Bell recommends a reading of the David Carter 2004 history Stonewall: The Riots That Sparked the Gay Revolution (published by St. Martin’s Press) to learn more about why Pride events are traditionally held in June.

Though she doesn’t favor the move downtown “or elsewhere, as there is a tradition to the timing and location of the parade,” Bell proposes having the festival on one day and the parade on another.

“One way to do that would be to have the nighttime parade in late June, as usual, but have the festival during the day in October, during GLBT History Month.”

PHYLLIS RANDOLPH FRYE

Attorney and trans activist Phyllis Randolph Frye helped lead the Pride Parade, themed “Say It Out Loud,” as Houston’s first transgender female grand marshal in 2006.

In 1979, Frye supported the parade’s move from downtown to Montrose, “the historical roots of the GLBT community.” And she calls the inception of an evening Pride Parade in 1997 “a stroke of genius.”

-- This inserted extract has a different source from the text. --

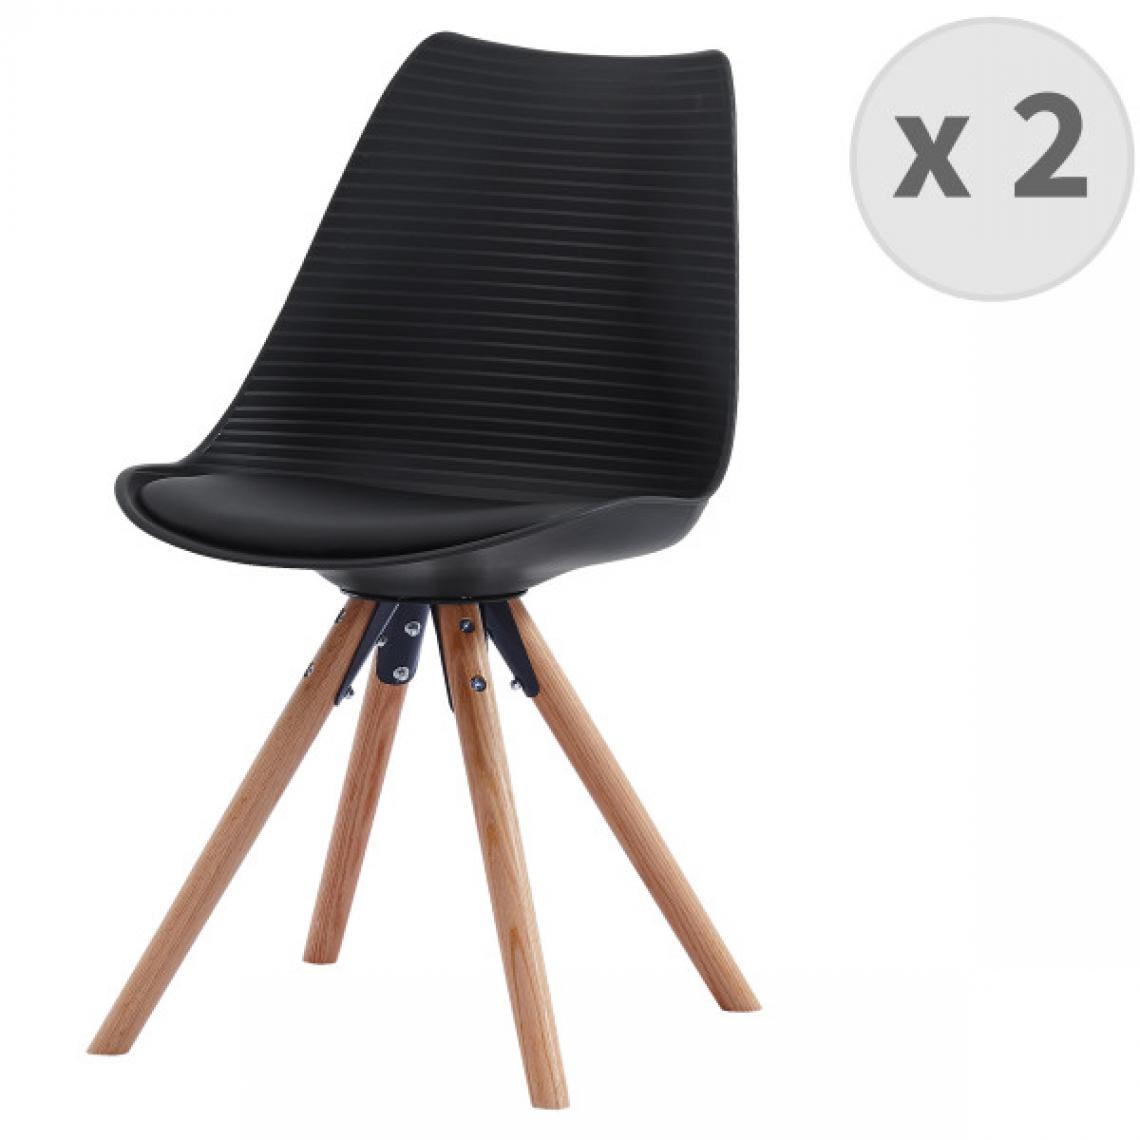 Moloo - CROSS-Chaise scandinave noir pieds chêne (x2) - Chaises

“My favorite part of the evening is walking through the staging area in the neighborhood near the junior high [Lanier Middle School] and watching floats and trucks and trailers being outfitted and seeing friends that I see there each year,” she says, stressing the importance of allowing every group, “both large and small,” the chance to be seen and heard in the parade.

“I have been with the parades since the second one,” Frye says. “I have watched them evolve. Change and evolution are good things, and I salute Ms. Wyatt and the committee for looking for ways to improve.”

But whether it is moved again or the date is changed, Frye emphatically believes that “more people will show up only when more people come out of the closet.”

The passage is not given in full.